# ACTIVITY
Your copy of the listing should match it exactly, only without pictures.

# COLLECTED MATERIAL
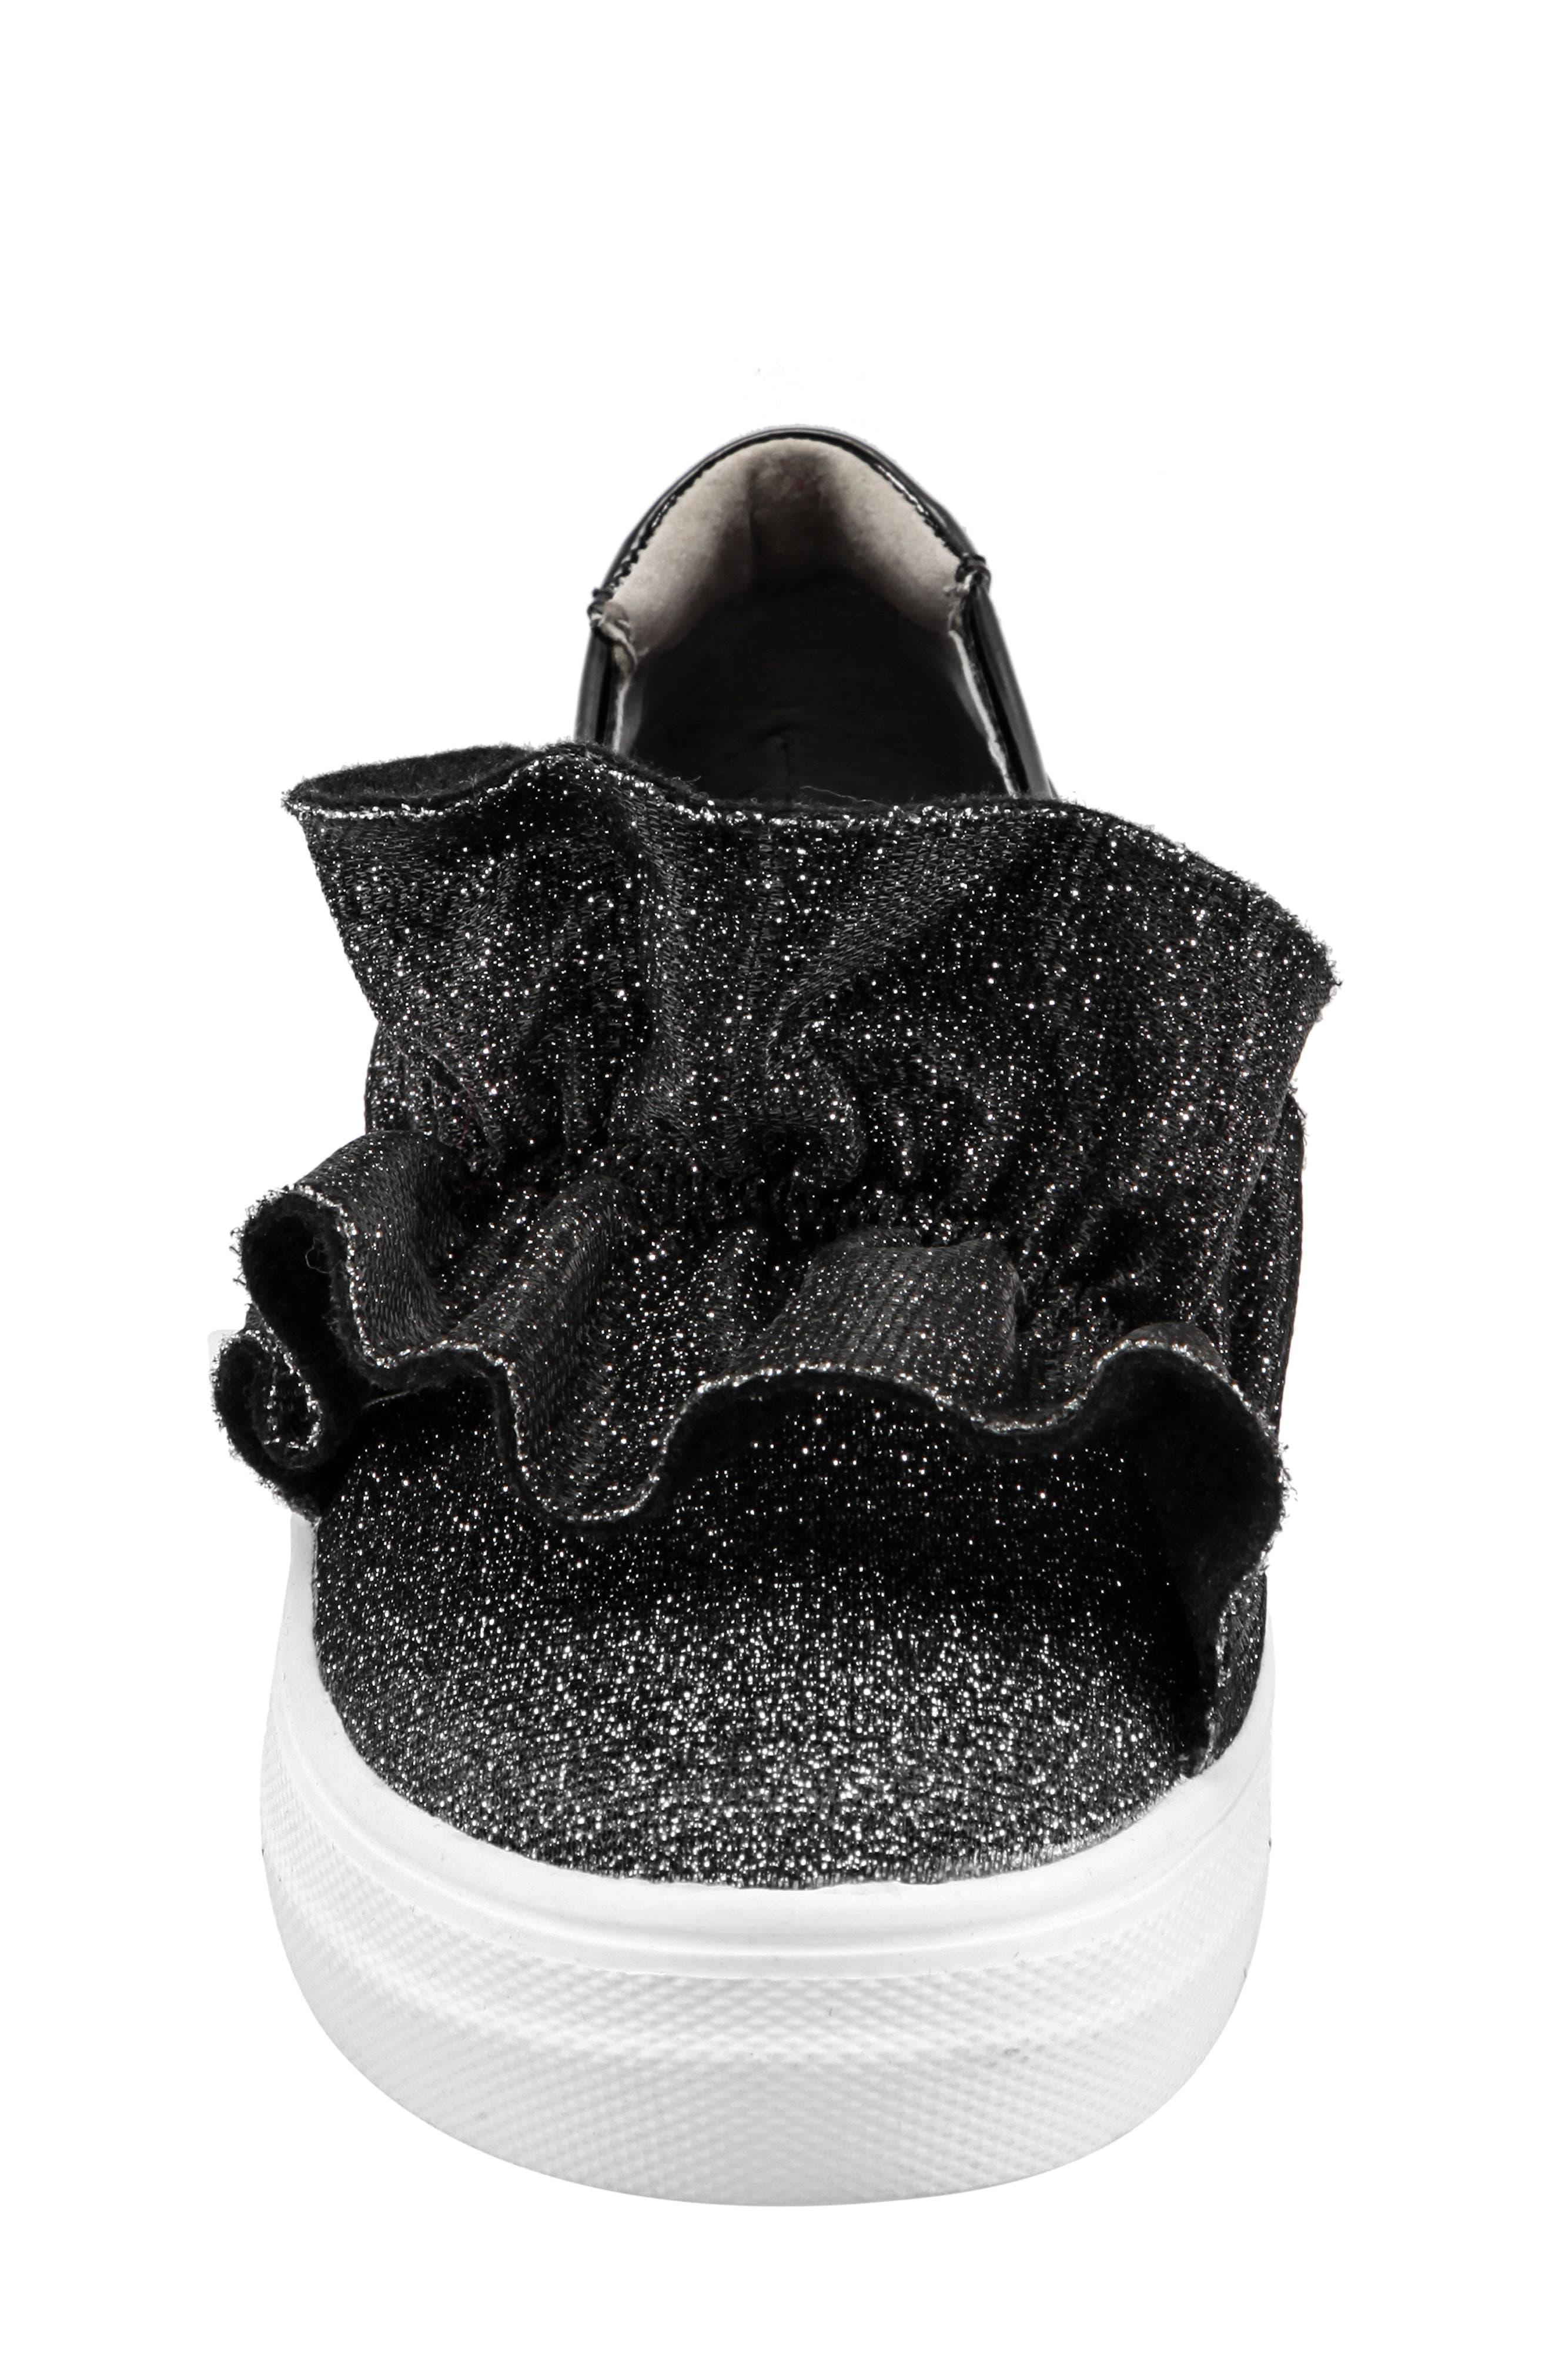 Ivani Slip-On Sneaker,                             Alternate thumbnail 4, color,                             BLACK SPARKLE FABRIC
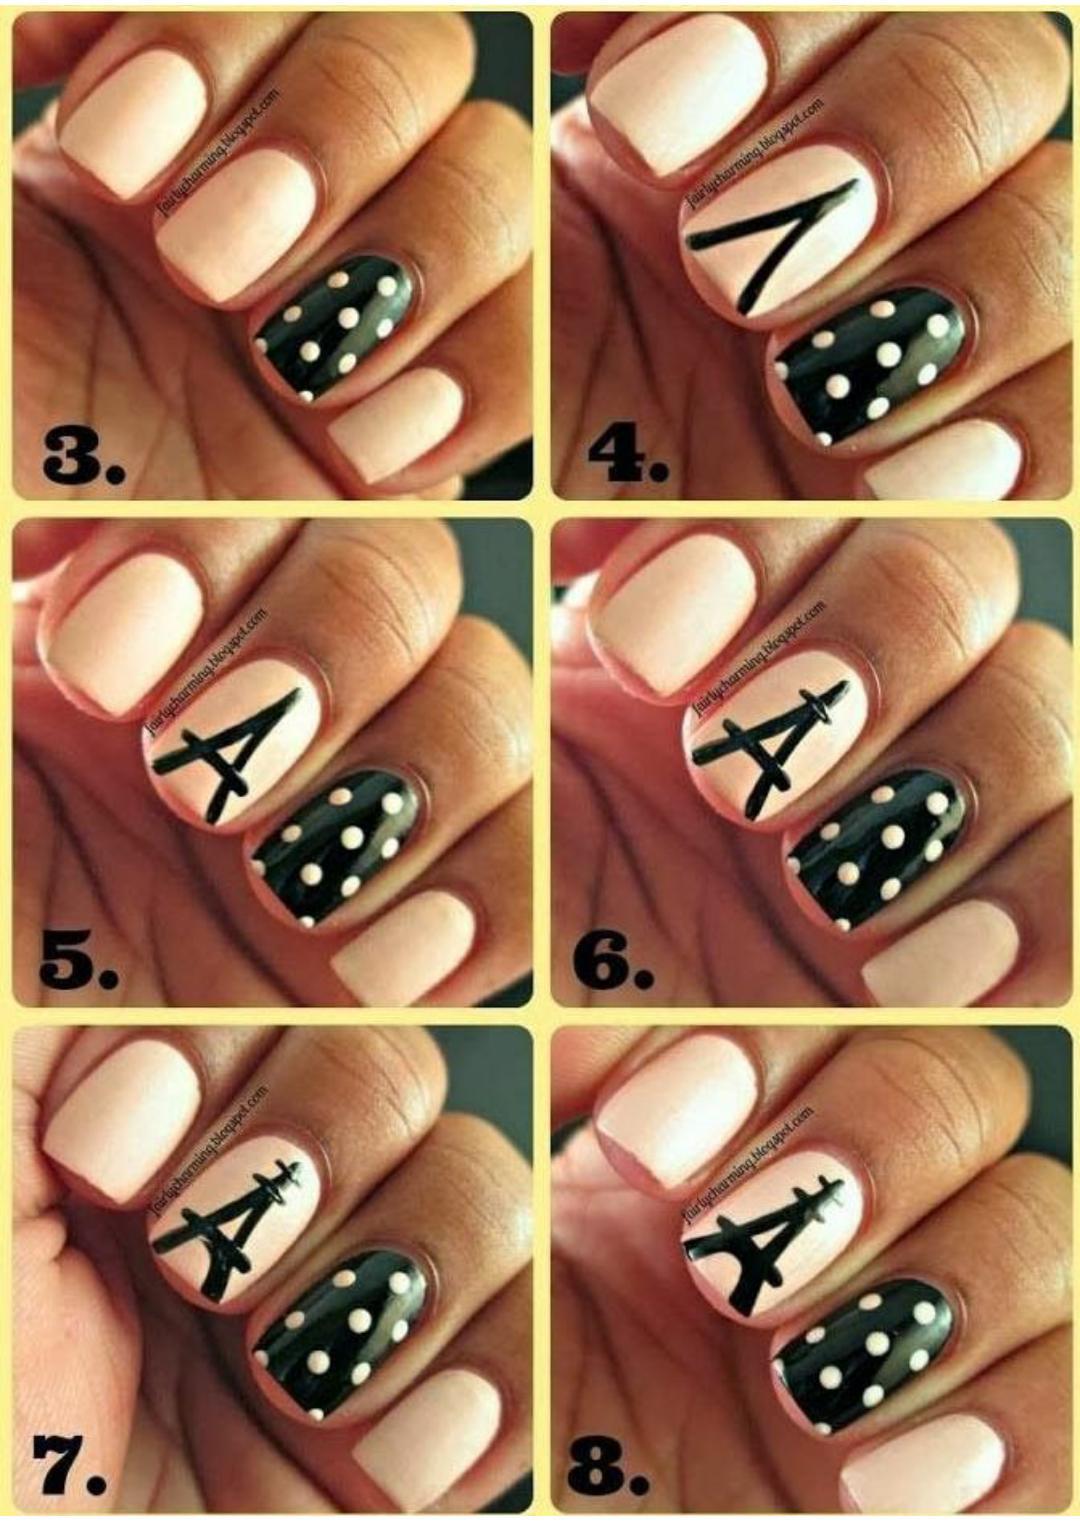 Aplikasi Collection of Nails Designs
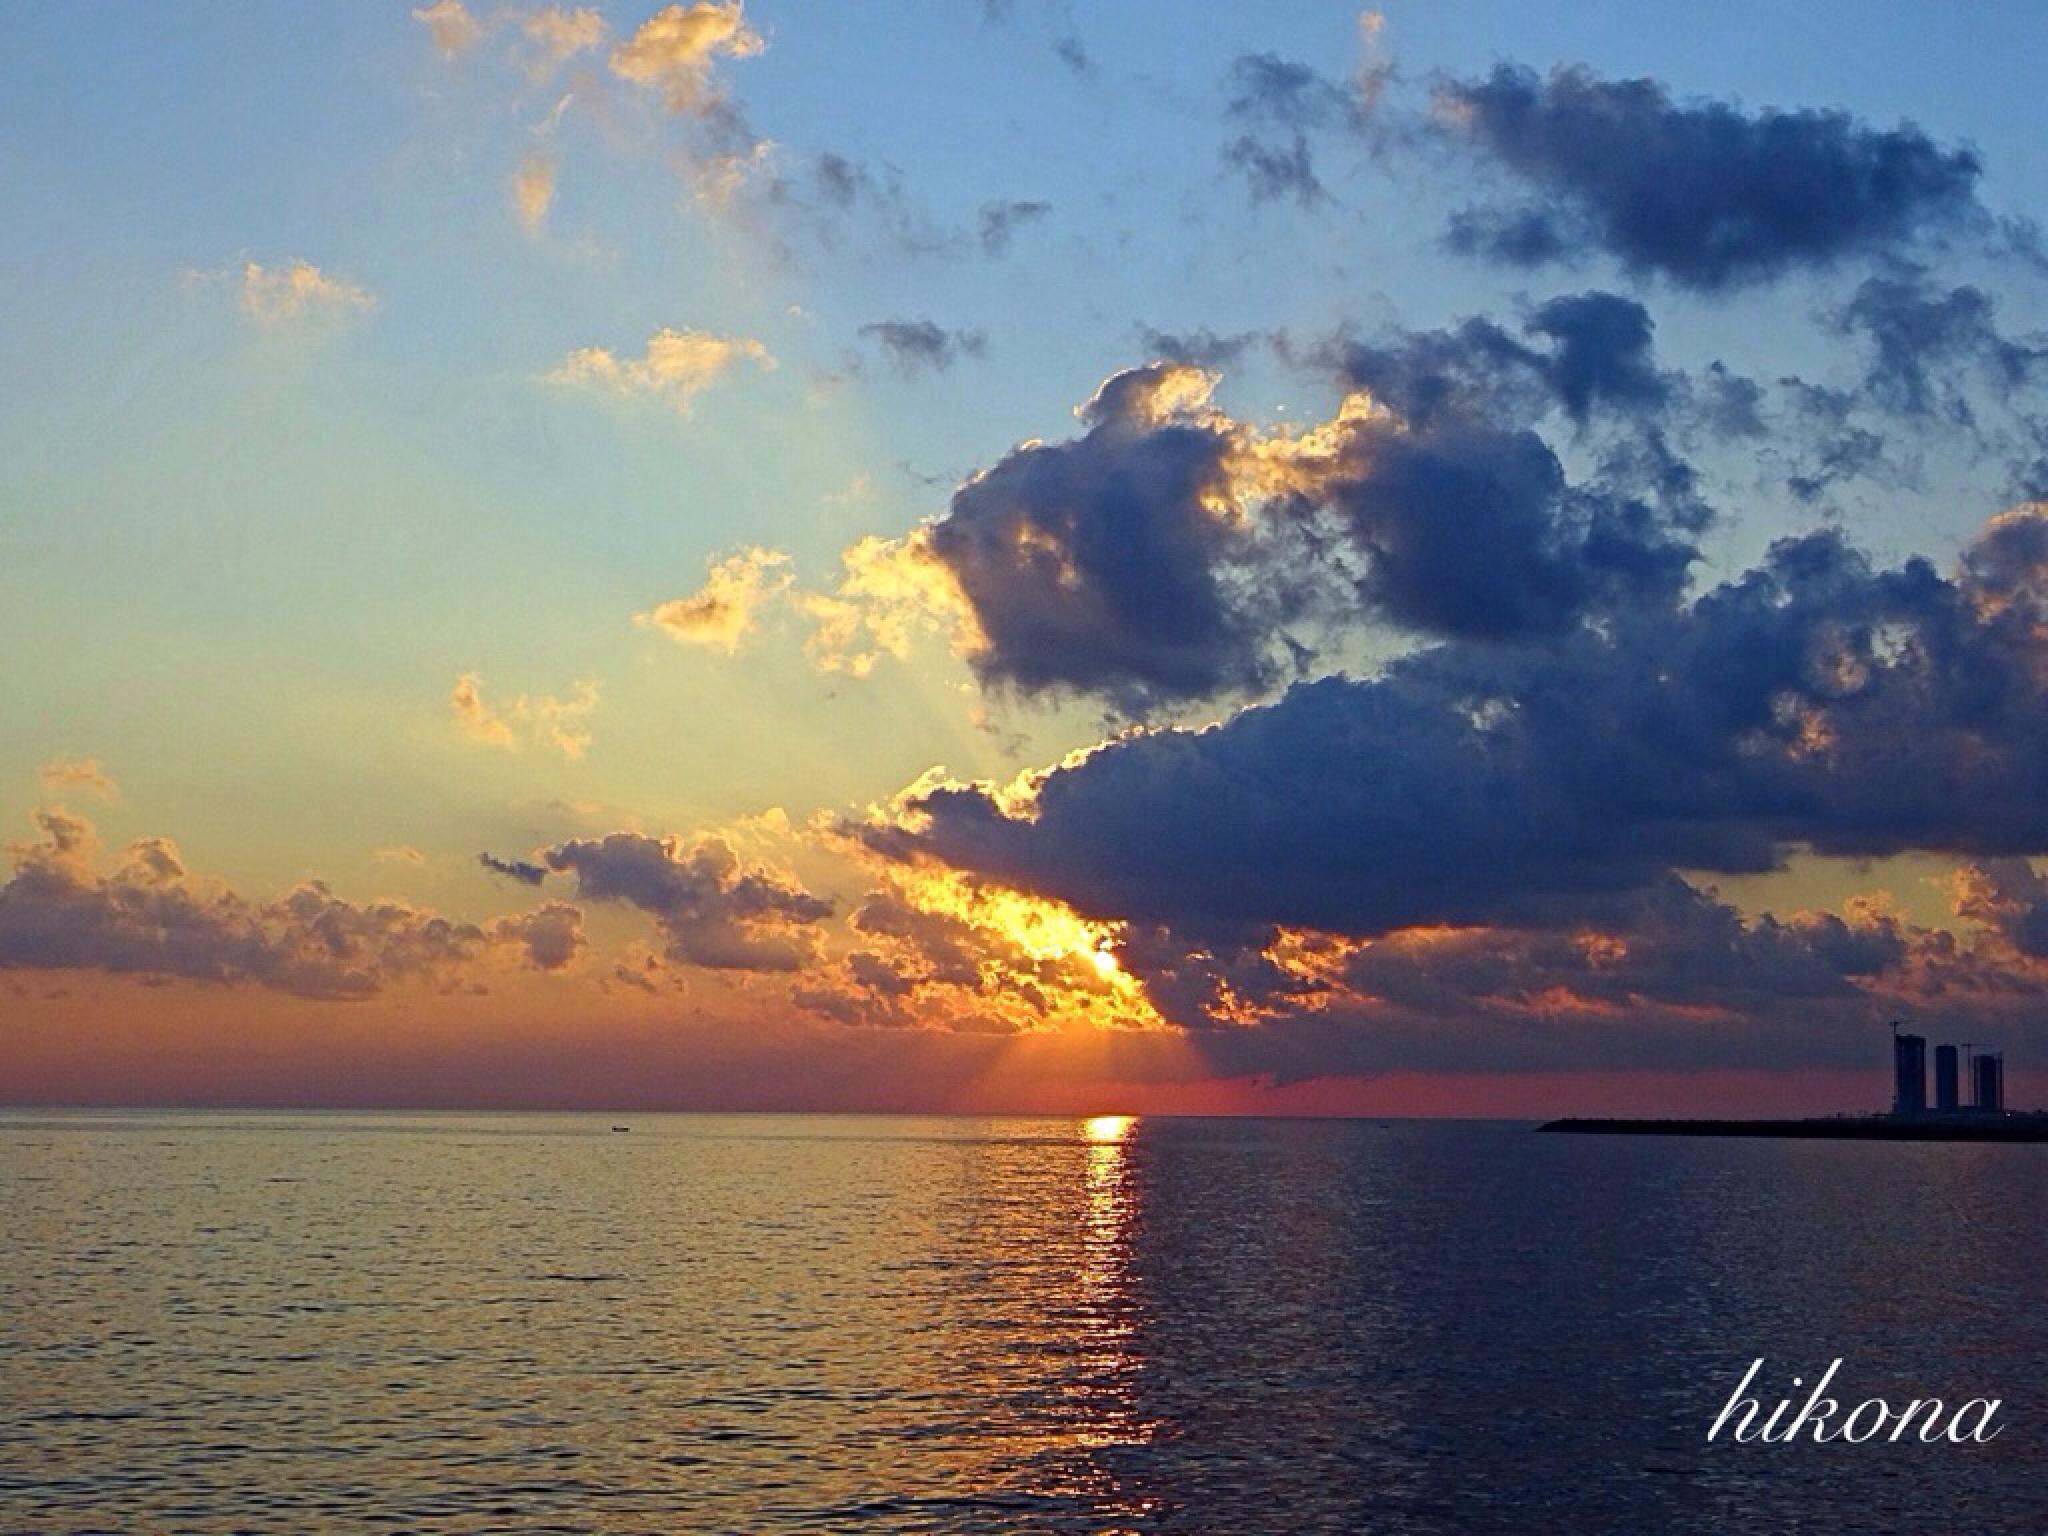 Sun rise  by Hikona

# OUTPUT FOR THIS TASK
 Ivani Slip-On Sneaker,                             Alternate thumbnail 4, color,                             BLACK SPARKLE FABRIC
 Aplikasi Collection of Nails Designs
 Sun rise  by Hikona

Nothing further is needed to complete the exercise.